The Fortescue Metals Group Limited (ASX: FMG) share price has been amongst the strongest performers on the market on Wednesday.
In early afternoon trade the iron ore producer's shares are up 2.5% to $4.81.
Why are its shares higher today?
With no notable news out of the company this week, today's gain is likely to be attributable to a research note out of UBS this morning.
That note revealed that the investment bank's analysts have upgraded Fortescue's shares from a neutral rating to a buy rating with a $5.30 price target.
According to the note, the upgrade is due to its view that the sector as a whole offers good value to investors at the moment. The broker sees high commodity prices and strong free cash flow generation as a big positive.

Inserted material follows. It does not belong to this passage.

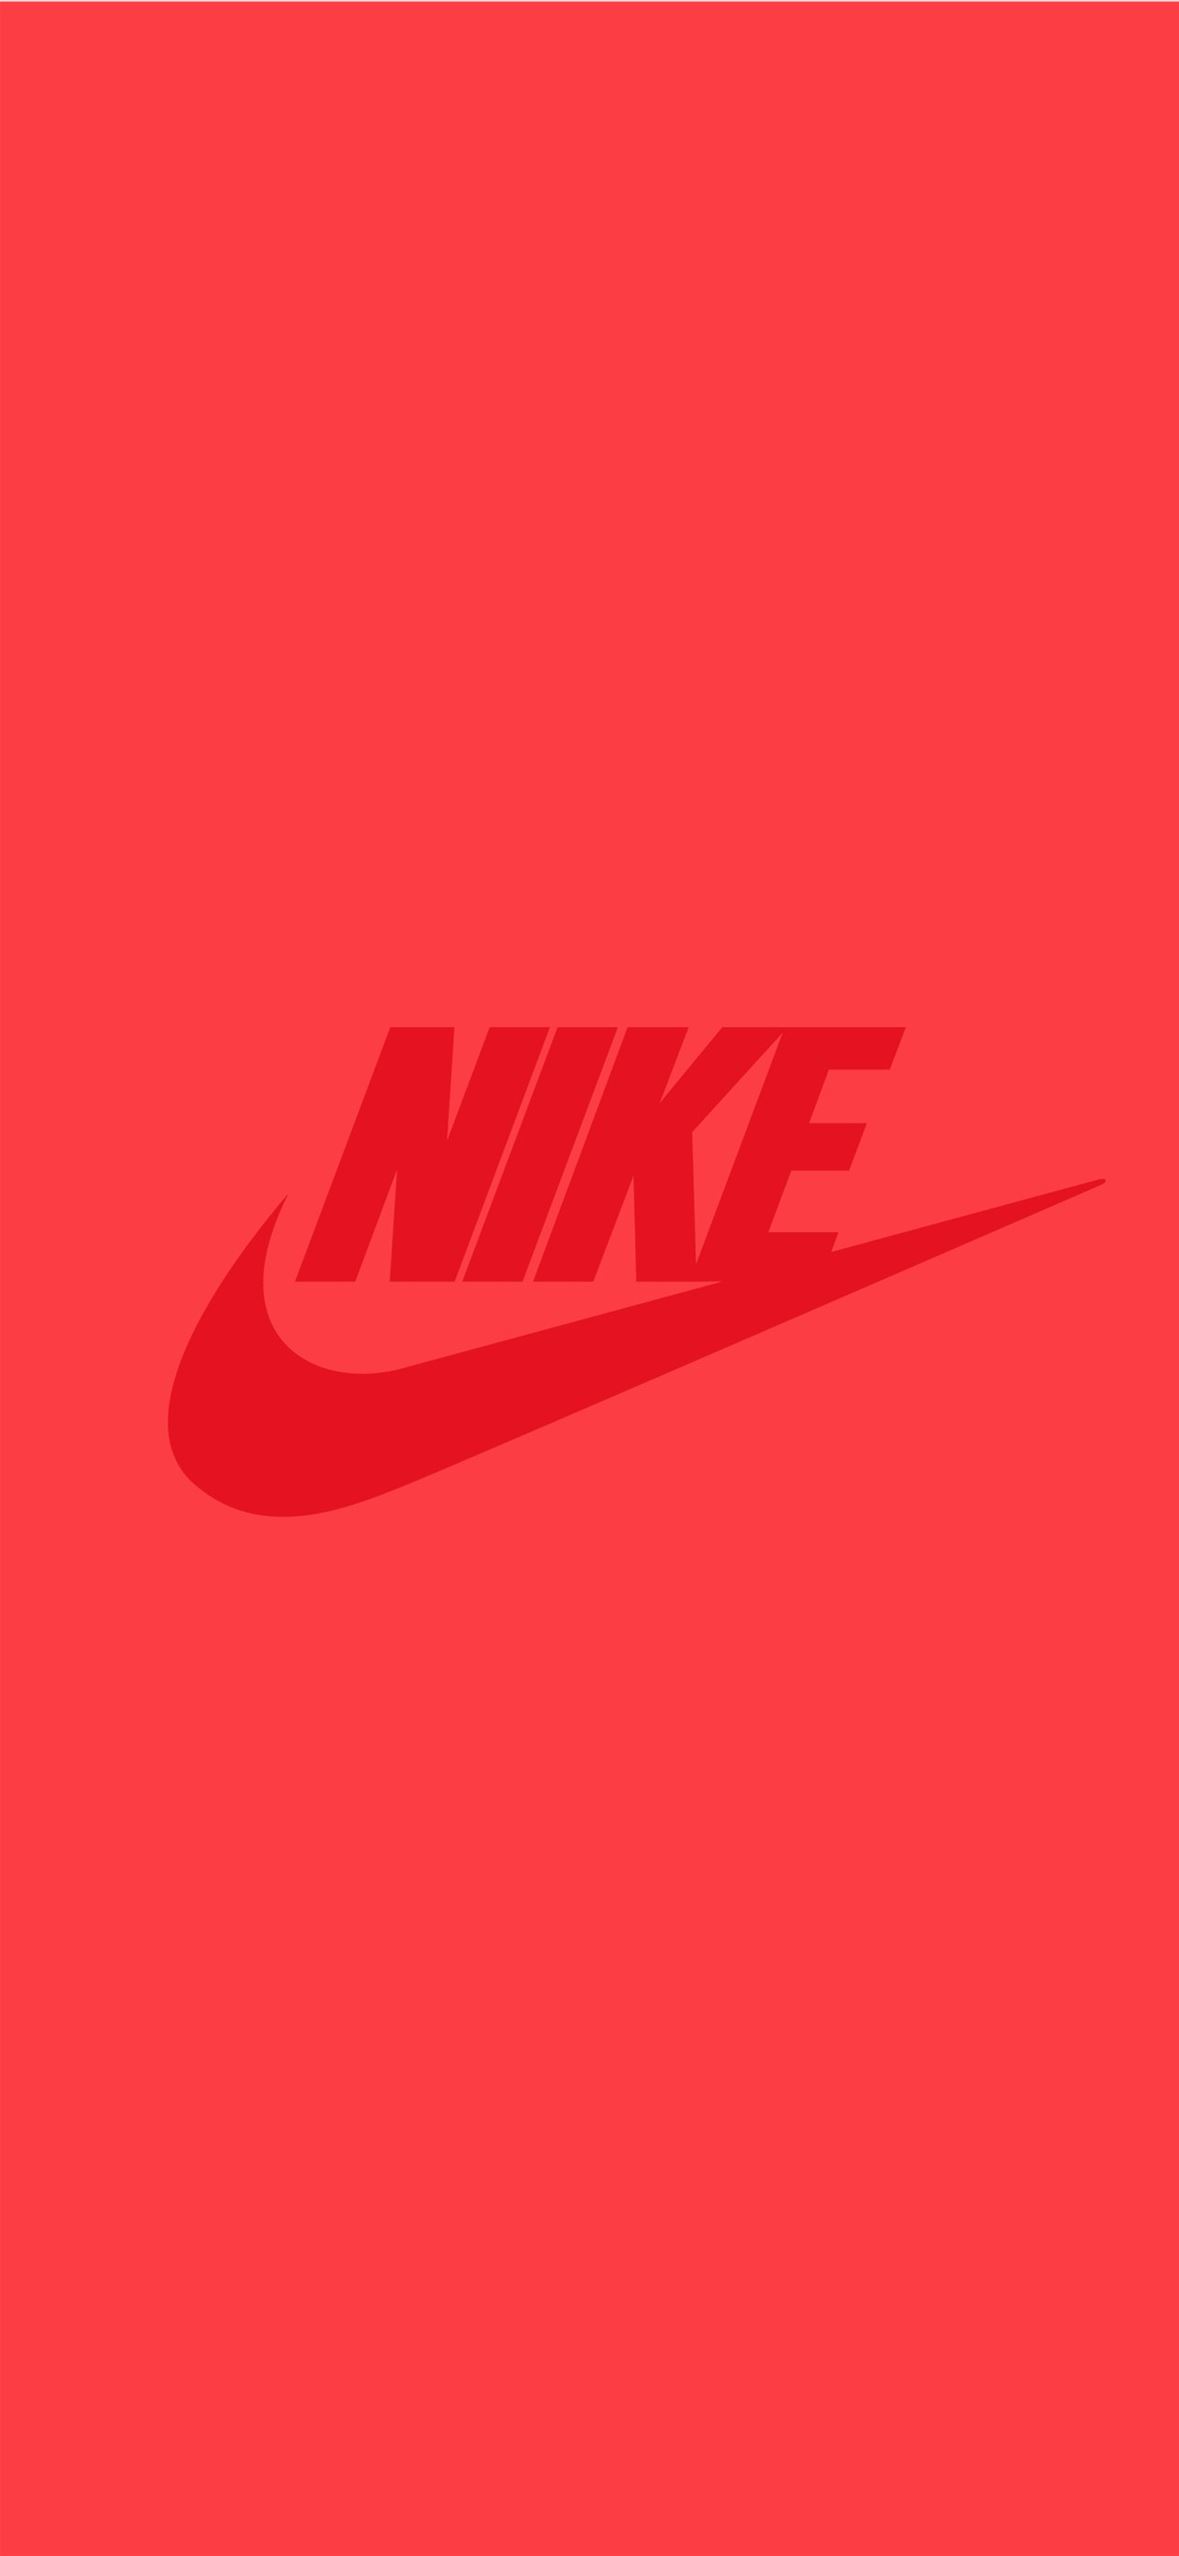 Độc quyền là của bạn! Tải về hình nền iPhone Nike hiện đại và đầy phong cách để thổi hồn vào thiết bị của mình. Những đôi giày đen trắng và đỏ đầy ấn tượng của Nike trên nền đen sẽ khiến cho điện thoại của bạn thêm phần bắt mắt và cuốn hút.
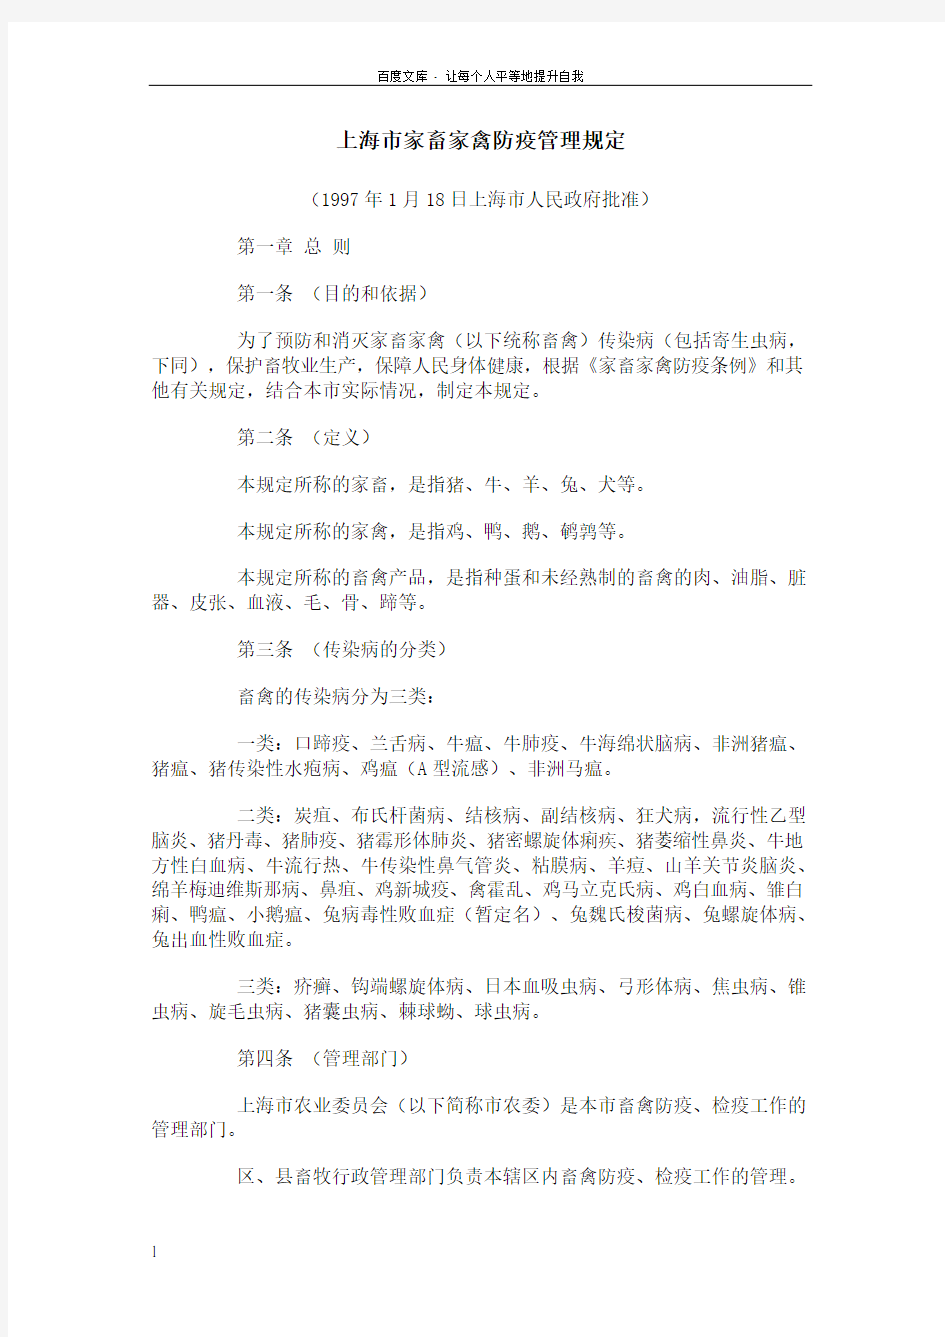 上海市家畜家禽防疫管理规定

The broker is also bullish on industry peers Rio Tinto Limited (ASX: RIO) and BHP Billiton Limited (ASX: BHP).
Should you invest?
I would agree with UBS on all three of the iron ore producers. Whilst my first preference is BHP due to its exposure to an improving oil price as well, Fortescue is a close second.
Especially with its plan to mine higher grade iron ore in 2018 to combat the ever-increasing discount between the low grade iron ore and the benchmark 62% fines.
Overall, I expect Fortescue has the potential to be a market-beater in 2018 and provide a generous fully franked dividend.